◆ **Task to complete**: Copy out all lines of the material below in which "that" occurs.

── Supplied material ──

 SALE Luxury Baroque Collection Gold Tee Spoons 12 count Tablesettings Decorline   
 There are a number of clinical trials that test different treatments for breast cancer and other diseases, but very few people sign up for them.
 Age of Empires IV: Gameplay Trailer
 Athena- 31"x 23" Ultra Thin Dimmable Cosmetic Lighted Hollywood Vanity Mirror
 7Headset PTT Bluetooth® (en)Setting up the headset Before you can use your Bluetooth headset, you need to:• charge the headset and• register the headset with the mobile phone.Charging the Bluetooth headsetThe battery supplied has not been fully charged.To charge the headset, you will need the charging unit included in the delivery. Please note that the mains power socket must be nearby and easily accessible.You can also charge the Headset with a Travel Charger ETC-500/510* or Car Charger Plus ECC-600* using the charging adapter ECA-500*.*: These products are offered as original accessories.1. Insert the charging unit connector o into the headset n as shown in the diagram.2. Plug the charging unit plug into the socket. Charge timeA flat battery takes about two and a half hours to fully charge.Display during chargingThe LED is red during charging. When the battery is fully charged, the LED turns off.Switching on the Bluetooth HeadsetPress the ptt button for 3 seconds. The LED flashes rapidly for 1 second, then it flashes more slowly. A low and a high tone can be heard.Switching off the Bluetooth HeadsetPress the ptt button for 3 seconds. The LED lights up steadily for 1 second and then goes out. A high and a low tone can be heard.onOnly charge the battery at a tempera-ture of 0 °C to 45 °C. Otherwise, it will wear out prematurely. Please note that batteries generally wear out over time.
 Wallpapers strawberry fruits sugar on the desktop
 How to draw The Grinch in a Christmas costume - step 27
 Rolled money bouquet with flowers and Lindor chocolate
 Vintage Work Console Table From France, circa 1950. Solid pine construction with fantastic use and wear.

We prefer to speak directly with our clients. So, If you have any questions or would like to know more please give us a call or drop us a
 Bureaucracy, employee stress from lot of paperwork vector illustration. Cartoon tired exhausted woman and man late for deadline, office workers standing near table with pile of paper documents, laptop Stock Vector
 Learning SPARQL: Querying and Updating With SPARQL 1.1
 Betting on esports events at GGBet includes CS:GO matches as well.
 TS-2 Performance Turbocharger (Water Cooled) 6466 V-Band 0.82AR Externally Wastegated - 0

───

◆ **Response area**:
 There are a number of clinical trials that test different treatments for breast cancer and other diseases, but very few people sign up for them.
 7Headset PTT Bluetooth® (en)Setting up the headset Before you can use your Bluetooth headset, you need to:• charge the headset and• register the headset with the mobile phone.Charging the Bluetooth headsetThe battery supplied has not been fully charged.To charge the headset, you will need the charging unit included in the delivery. Please note that the mains power socket must be nearby and easily accessible.You can also charge the Headset with a Travel Charger ETC-500/510* or Car Charger Plus ECC-600* using the charging adapter ECA-500*.*: These products are offered as original accessories.1. Insert the charging unit connector o into the headset n as shown in the diagram.2. Plug the charging unit plug into the socket. Charge timeA flat battery takes about two and a half hours to fully charge.Display during chargingThe LED is red during charging. When the battery is fully charged, the LED turns off.Switching on the Bluetooth HeadsetPress the ptt button for 3 seconds. The LED flashes rapidly for 1 second, then it flashes more slowly. A low and a high tone can be heard.Switching off the Bluetooth HeadsetPress the ptt button for 3 seconds. The LED lights up steadily for 1 second and then goes out. A high and a low tone can be heard.onOnly charge the battery at a tempera-ture of 0 °C to 45 °C. Otherwise, it will wear out prematurely. Please note that batteries generally wear out over time.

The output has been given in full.